Acoustic Emission (AE) is high frequency sound generated by cracks and other flaws in materials when stressed. Using AE to detect cracks involves recording and evaluating AE signals to identify any damage. This is usually done as the tank or vessel is filled or pressurised. Structurally significant defects produce relatively intense acoustic emission activity when the vessel or pipe is subjected to a test load and this is the basis for detection of cracks or other damage.

AE testing of materials goes back 40 years and its effective use on process industry equipment has developed over the last 20-years. For many applications it is considered a mature technology with several ASTM and ASME standards in place.

More recently, AE has developed as a means of detecting corrosion damage in tank floors. This is a specialised form of on-line monitoring where AE data is evaluated under static conditions to detect active corrosion processes. Such testing allows a tank owner to set tank inspection priorities and schedules and avoid unnecessary tank entries.

Although initially developed as a practical test method for composite (GRP) tanks and vessels, procedures for testing of metal equipment soon followed. AE is most often used to detect service related damage (stress corrosion cracking, wet H2S damage, fatigue etc.) in process equipment.

In metals, AE is generated when the applied load combined with a local strain concentration such as a crack causes deformation at the crack tip. The resulting high frequency stress waves (AE signals) are detected by sensitive acoustic sensors. These AE signals are recorded and processed to determine the approximate location of any damage and give some measure of its severity.

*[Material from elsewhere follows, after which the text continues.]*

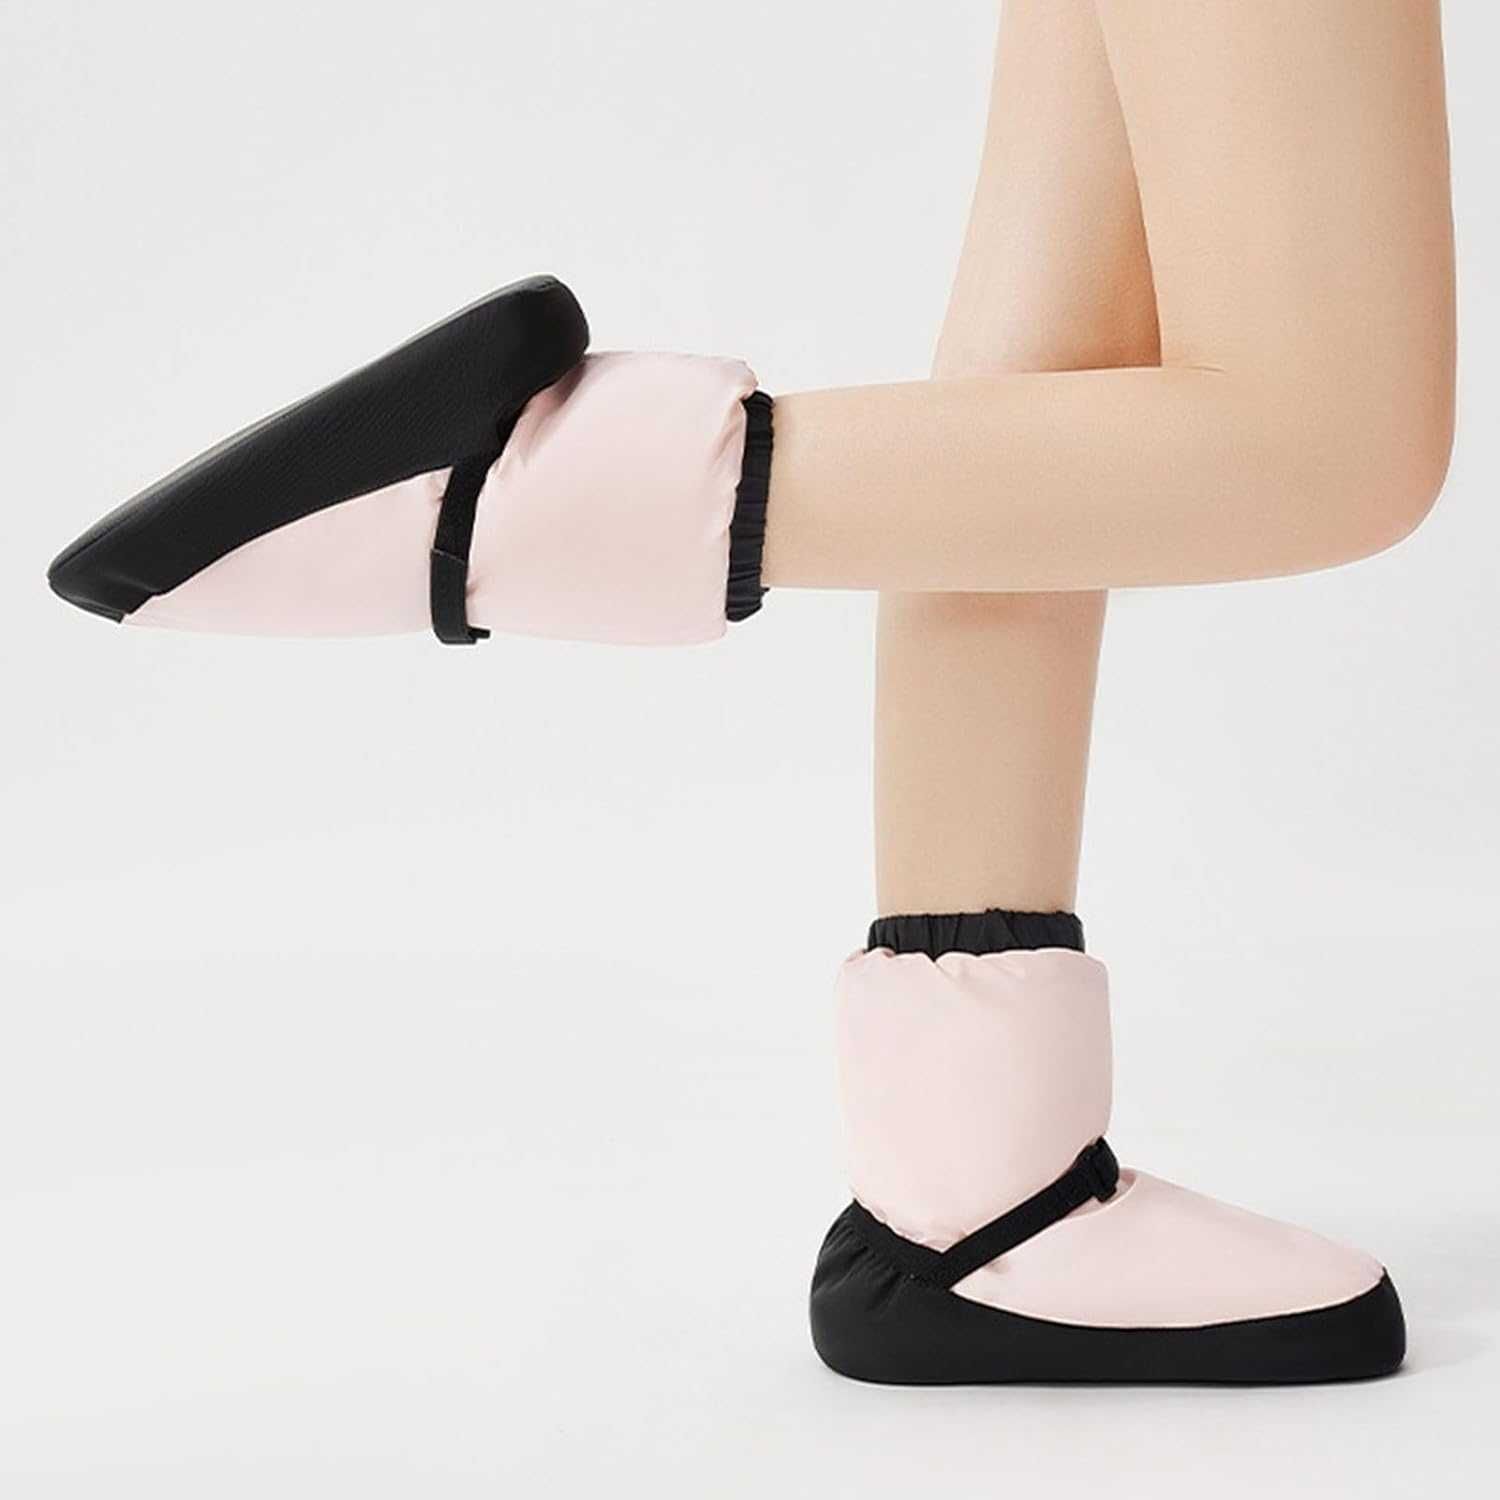 ciepłe buty baletowe -kolor różowy, rozm  L

Although an AE test detects defects, it does not determine their type, size or exact position. The main purpose and benefit of an AE test is to determine if there is a structural problem, approximately where it is and give a measure of its severity. A complementary inspection method such as (shear wave) ultrasonics is needed to map out and size any flaws.

Capabilities

• Detection of cracks and other damage in pressure vessels, tanks and piping.
• Corrosion damage assessment for tanks.
• Can monitor equipment continuously to detect damage as it occurs or where a discrete, pressure test is not possible.
• Suitable for a wide range of metals, alloys and composite materials.
• Sensitive to process related(environmental)damage.
• Minimal disruption to normal operation in many cases.
• Minimal disturbance to insulation.
• Helps limit inspection to vessels and areas where damage has occurred.

Limitations

• Qualitative assessment, does not characterise a flaws or corrosion damage in precise (type of flaw, orientation, size, depth) terms.
• Generally not sensitive to fabrication defects such as porosity, slag inclusions and small lack of fusion defects in operating equipment.
• Background noise and other properties of a particular vessel may limit detection sensitivity.

Preparation

• Collect vessel fabrication details, operating conditions and history.
• Determine the number and location of sensors needed and the required loading.
• Make provisions for attachment of AE sensors (manlift or scaffold, insulation cut-outs etc.) and preparation for the pressurization or other means of loading of the vessel.
• Flaking paint or scale must be removed at each sensor location but sensors can usually be mounted on top of paint that is in good condition.

Services Required

• Means of access for installing, calibrating and removing the AE sensors.
• 110V power, a site hut may be needed.
• Arrangements for pressurising, filling or otherwise loading the vessel or pipe.